-- Problem statement --
Could you repeat exactly the lines below, from the line containing "テープ セット Z1169_画像2" through the last one, both included, while leaving out any pictures?

-- Given information --
==========
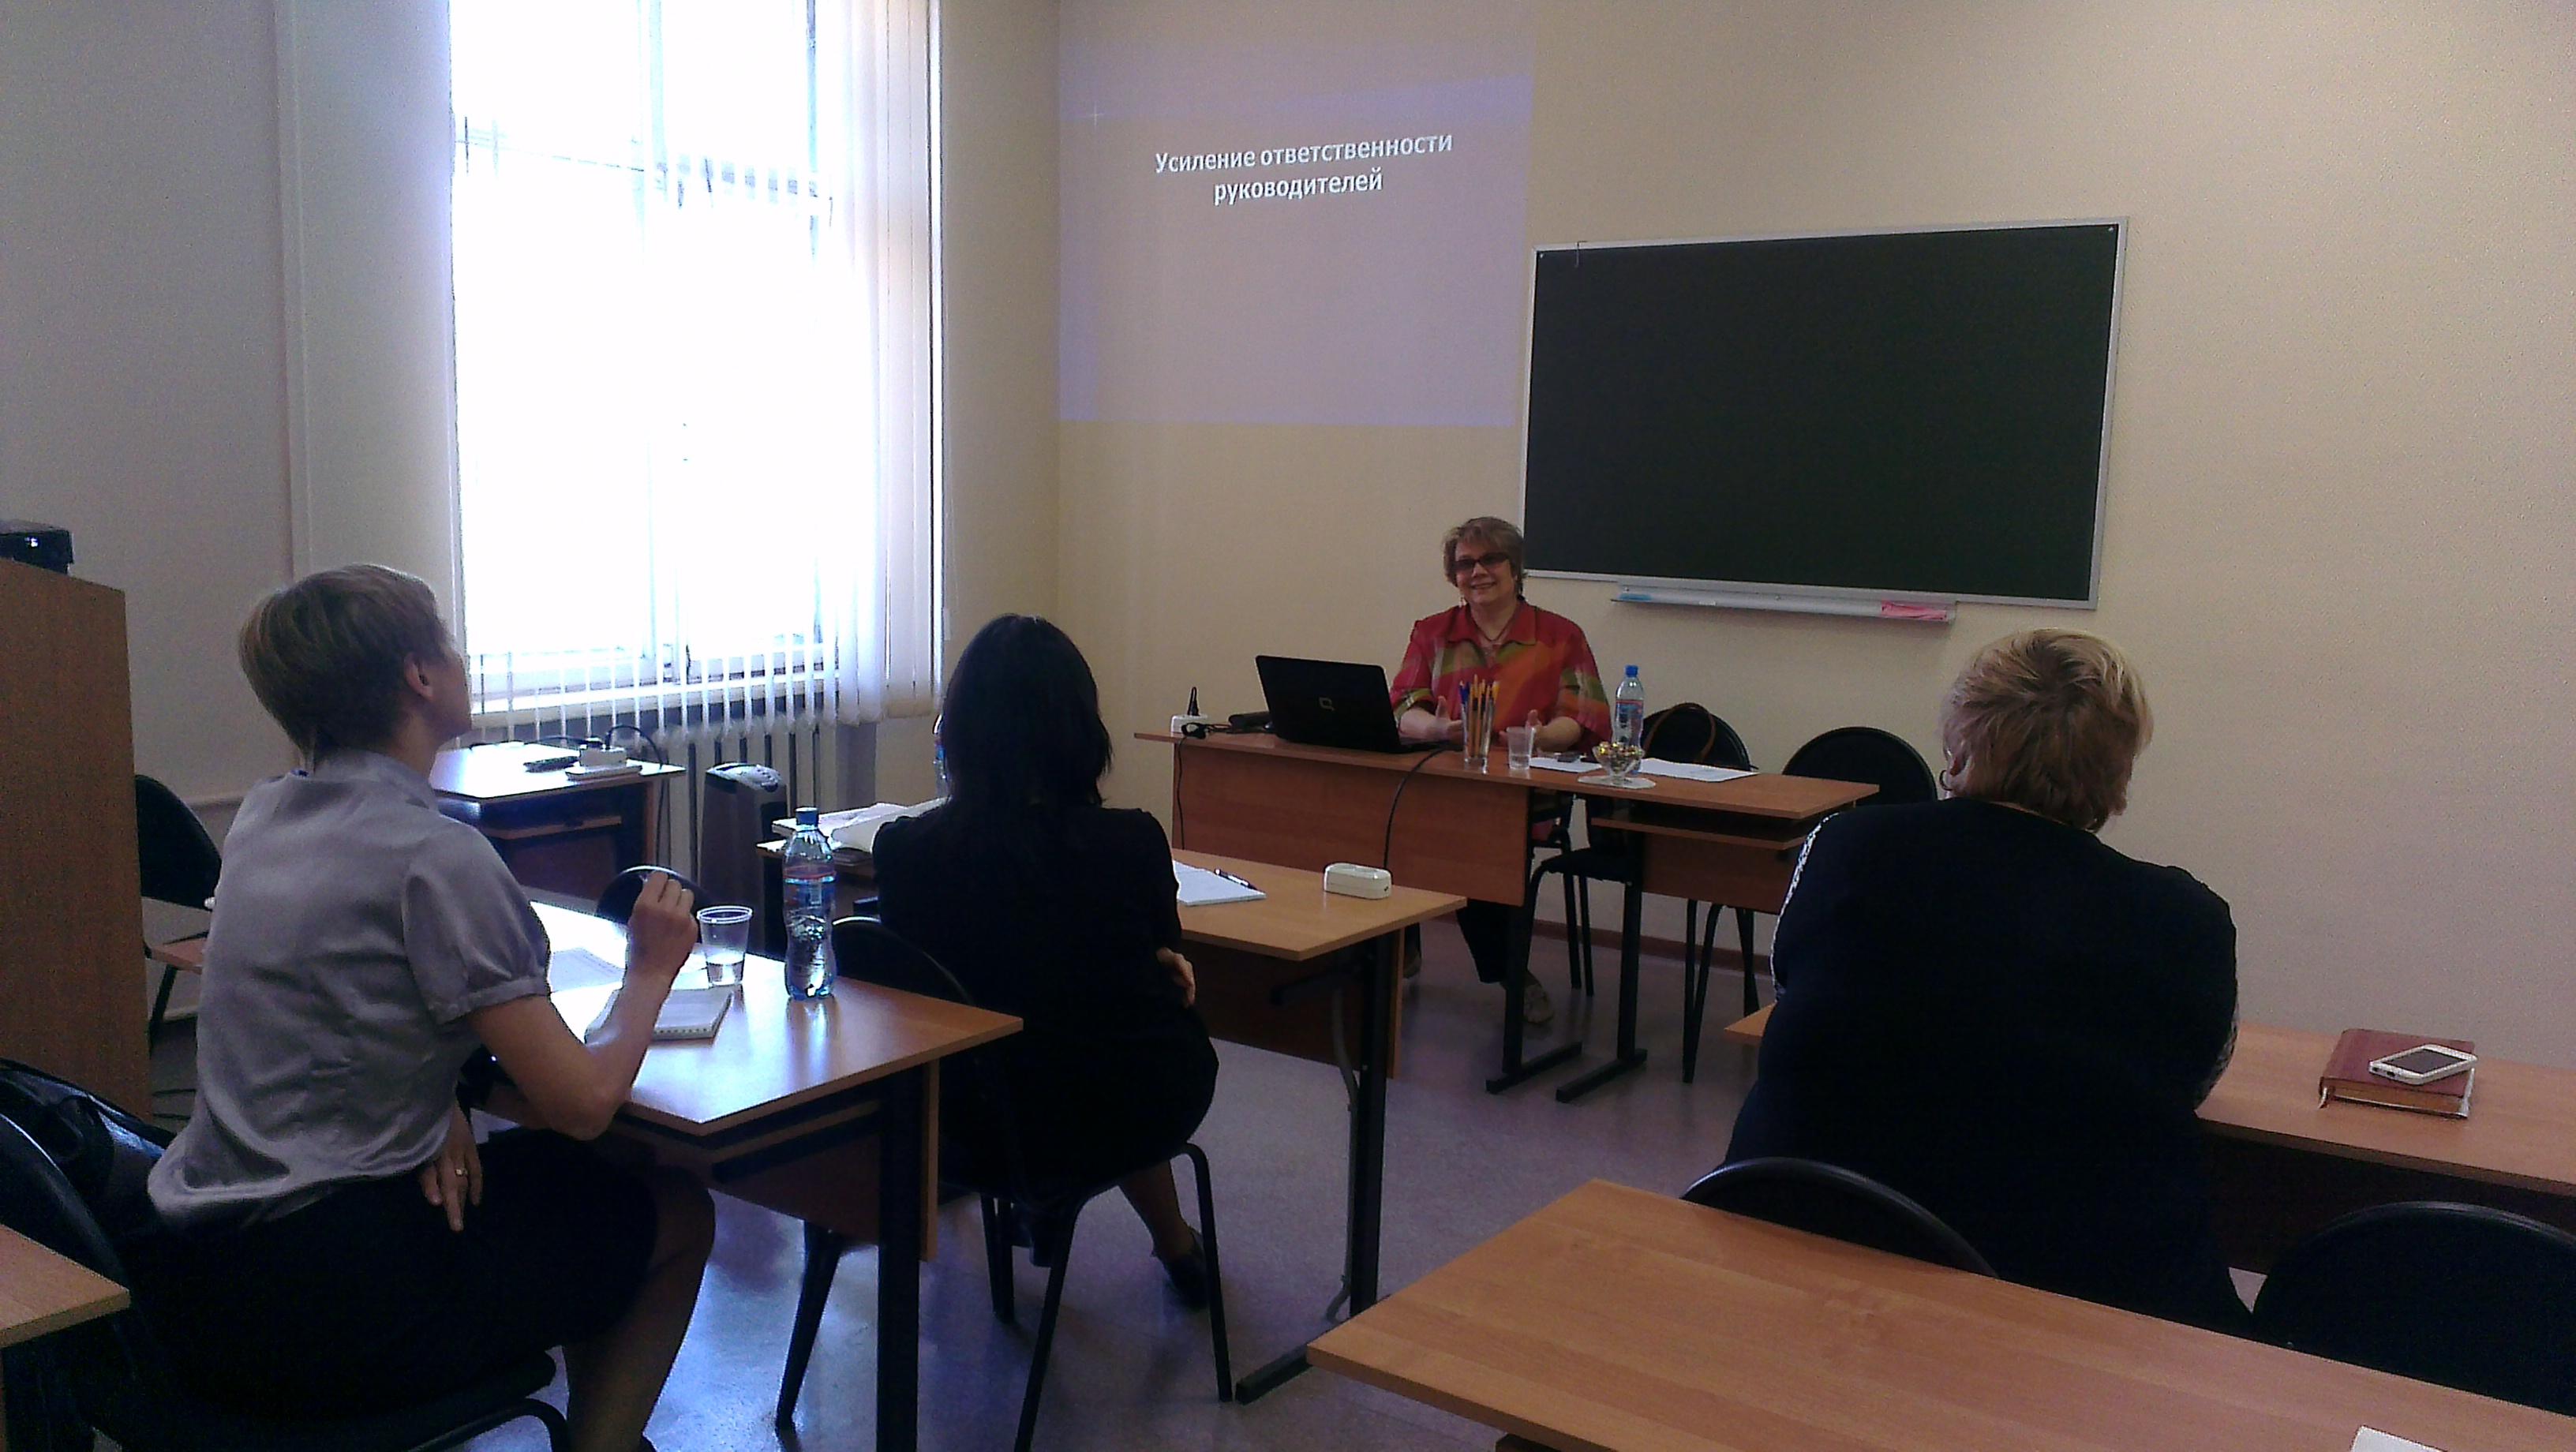 Семинар Храмцовской Натальи в Центре профессионального образования ДИТАД
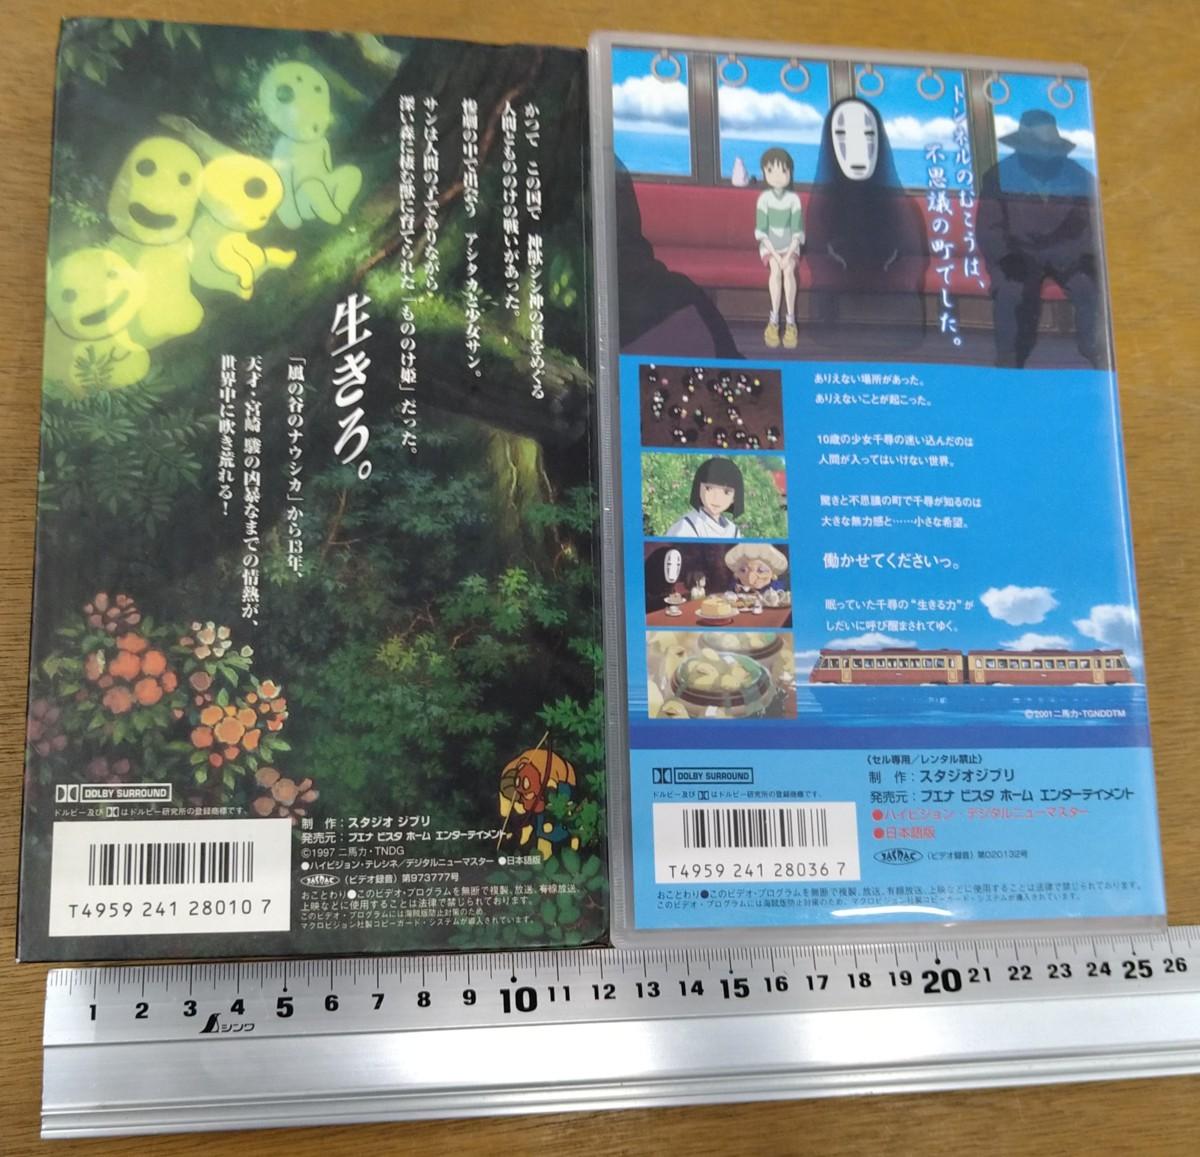 【中古品】ジブリがいっぱい 宮崎駿 もののけ姫 千と千尋の神隠し VHS ビデオ テープ セット Z1169_画像2
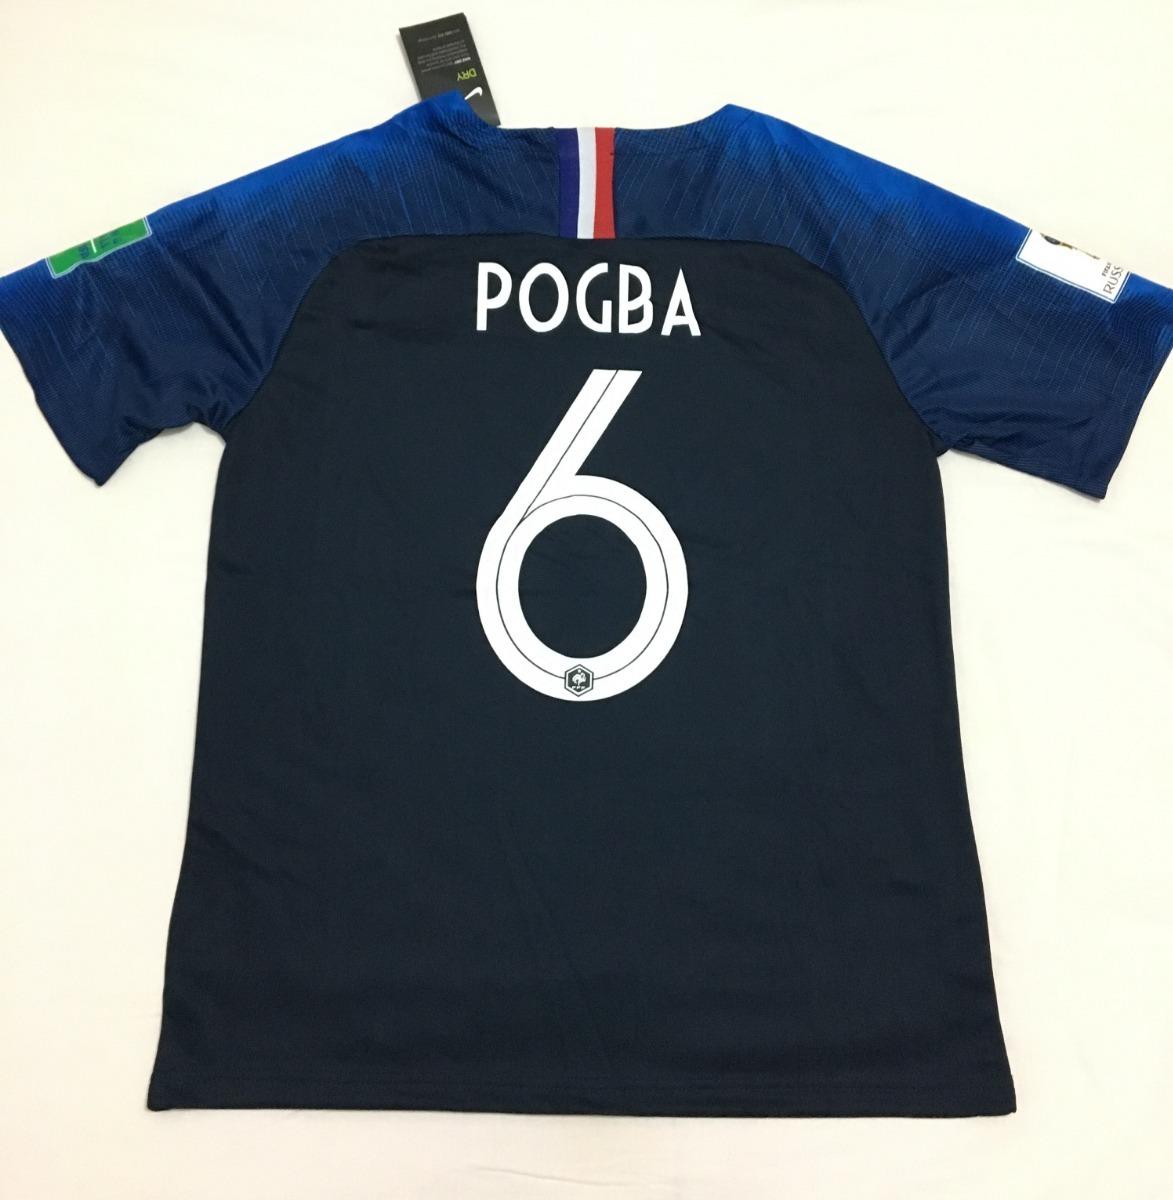 Camisa+calção+meião França copa Do Mundo pogba adulto - R  155 7f0a0a84b92d4
==========
-- Solution for this exercise --
 【中古品】ジブリがいっぱい 宮崎駿 もののけ姫 千と千尋の神隠し VHS ビデオ テープ セット Z1169_画像2
 Camisa+calção+meião França copa Do Mundo pogba adulto - R  155 7f0a0a84b92d4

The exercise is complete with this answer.